→ REQUIRED WORK
Exact retyping of the data: please keep every word and drop each picture.

══ SUPPLIED DATA ══

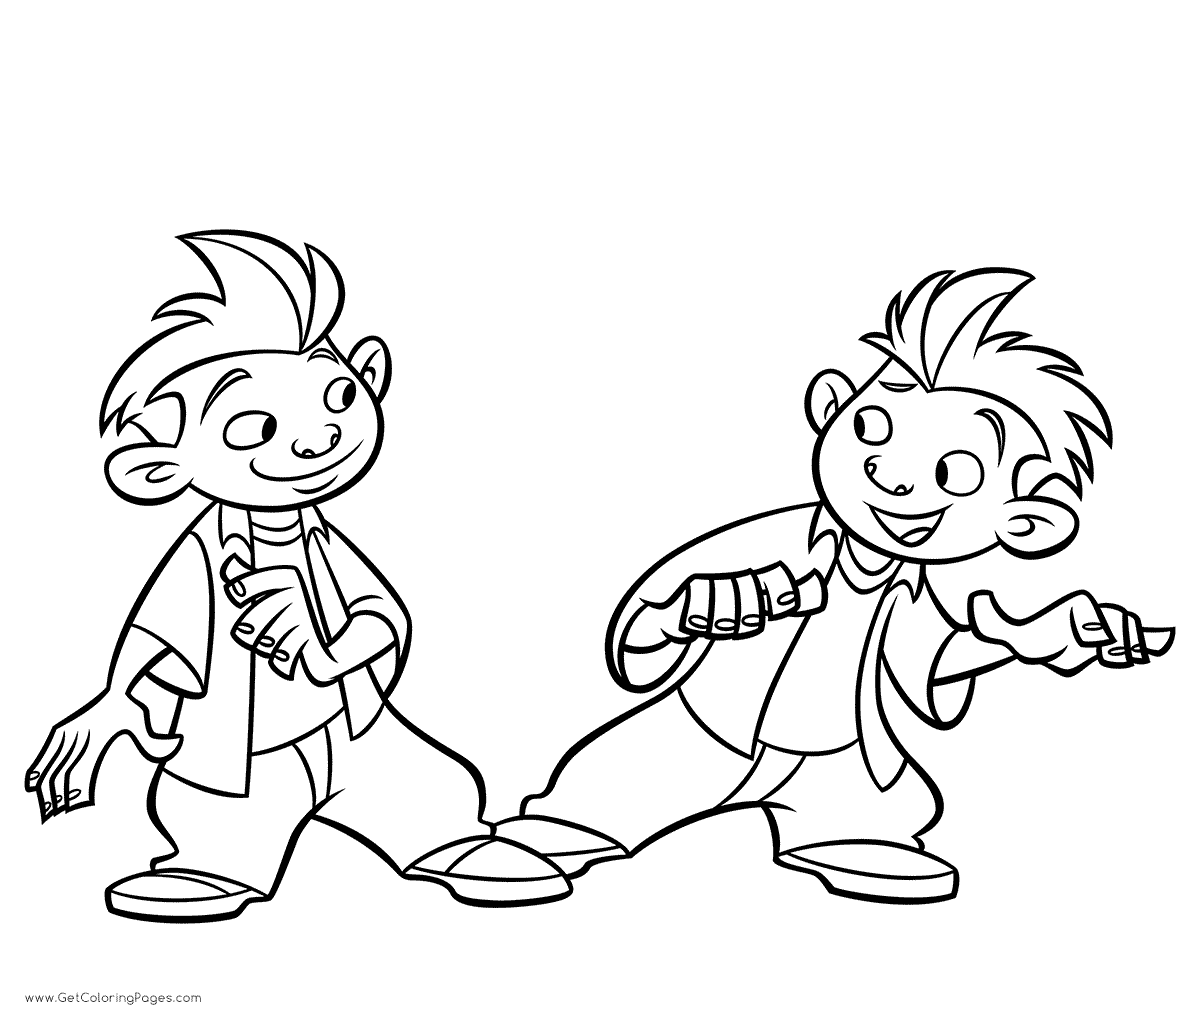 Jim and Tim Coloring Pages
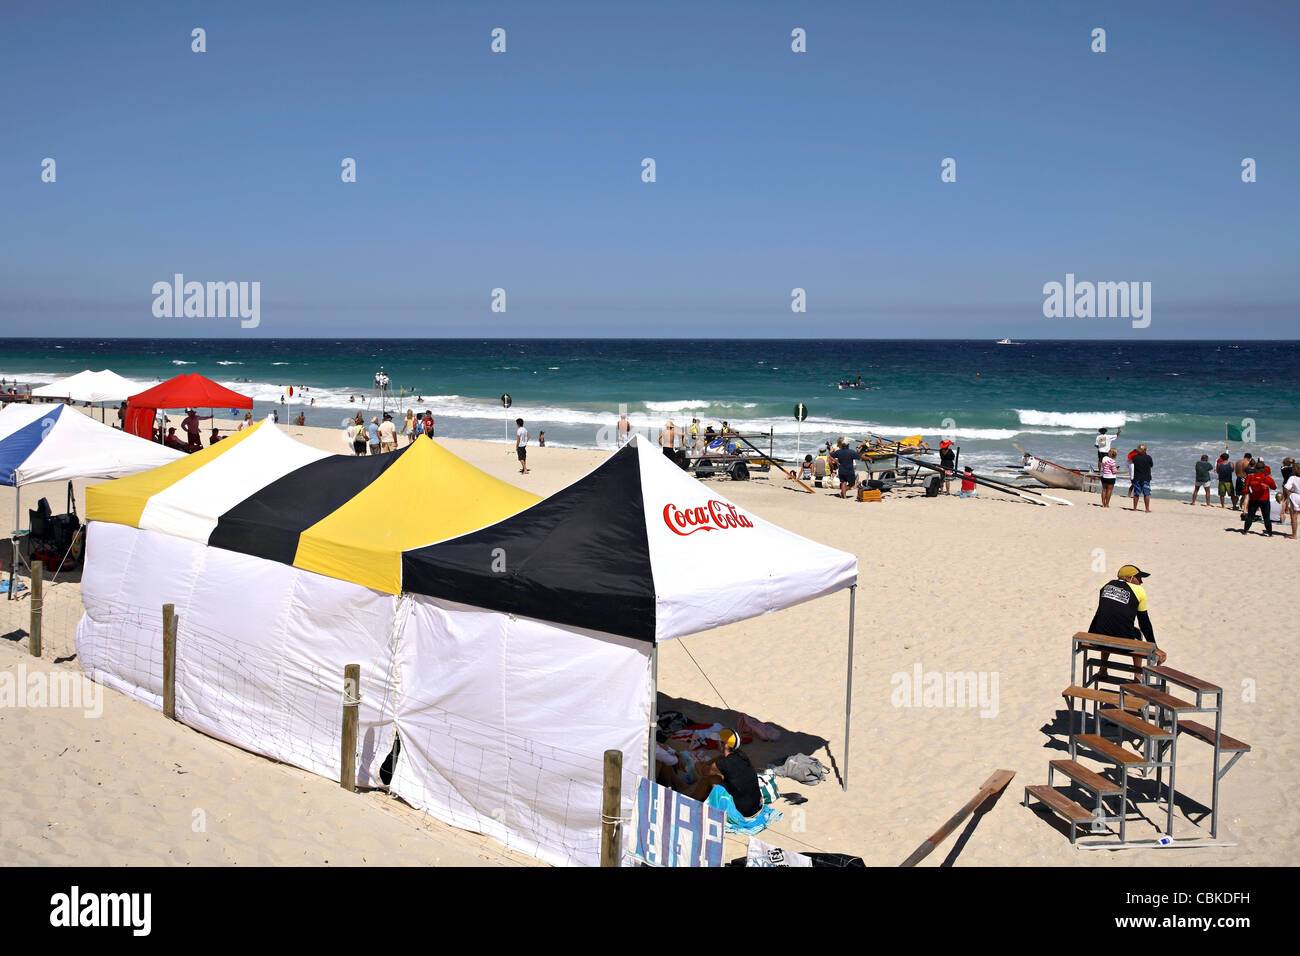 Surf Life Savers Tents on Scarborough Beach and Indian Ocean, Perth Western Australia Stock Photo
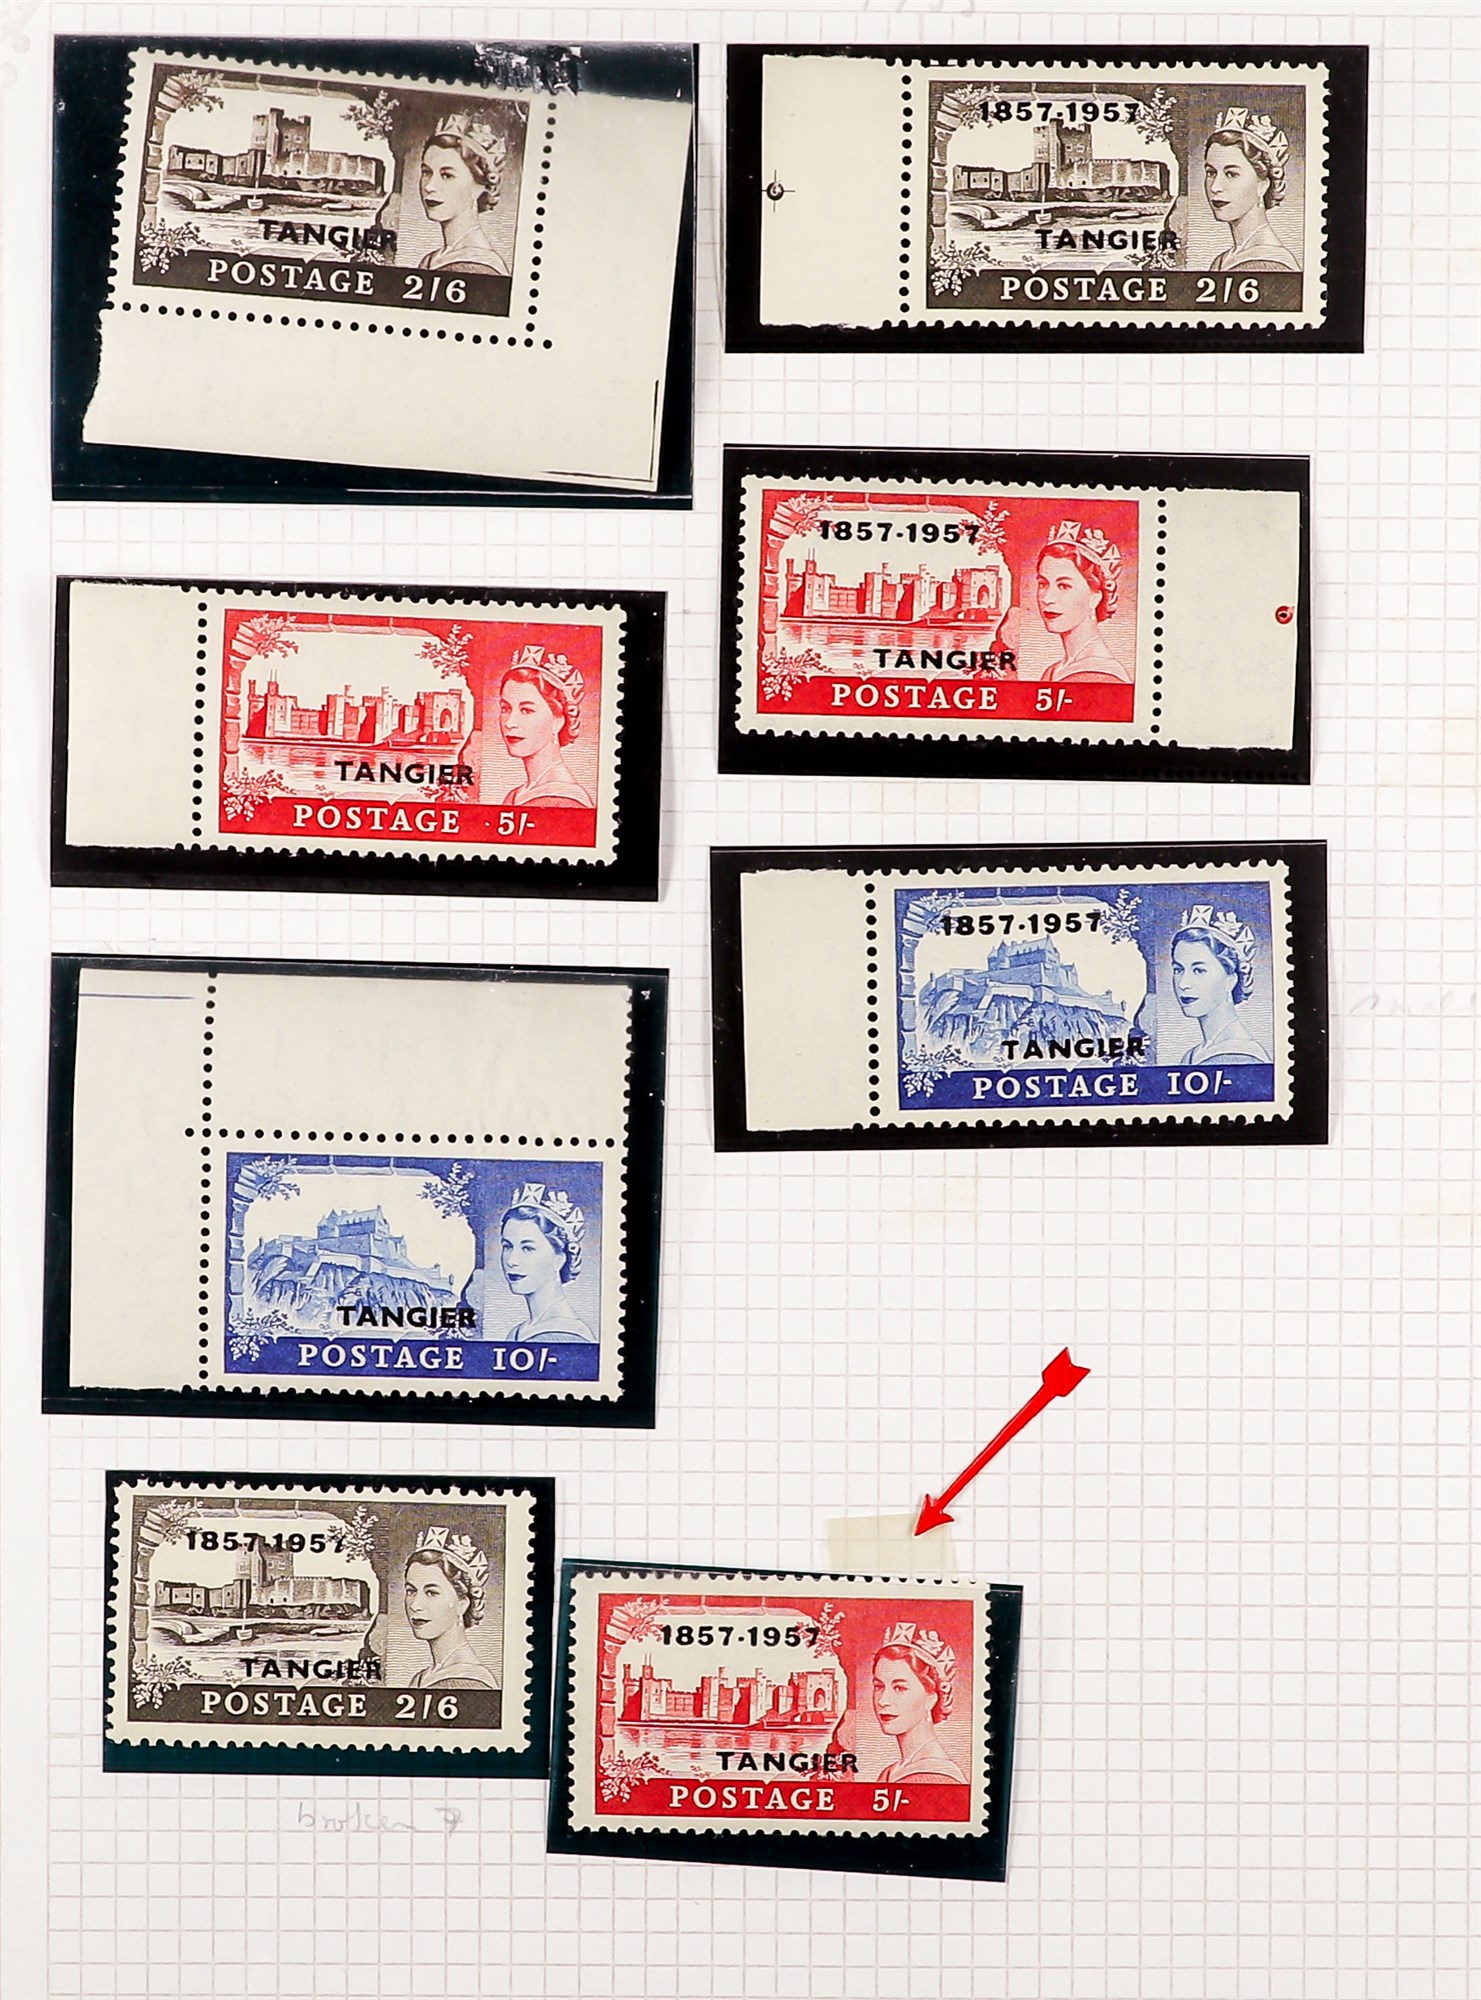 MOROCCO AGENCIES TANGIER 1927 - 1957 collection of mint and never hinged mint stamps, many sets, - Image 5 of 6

═══

→ WORKED SOLUTION
 Jim and Tim Coloring Pages
 Surf Life Savers Tents on Scarborough Beach and Indian Ocean, Perth Western Australia Stock Photo
 MOROCCO AGENCIES TANGIER 1927 - 1957 collection of mint and never hinged mint stamps, many sets, - Image 5 of 6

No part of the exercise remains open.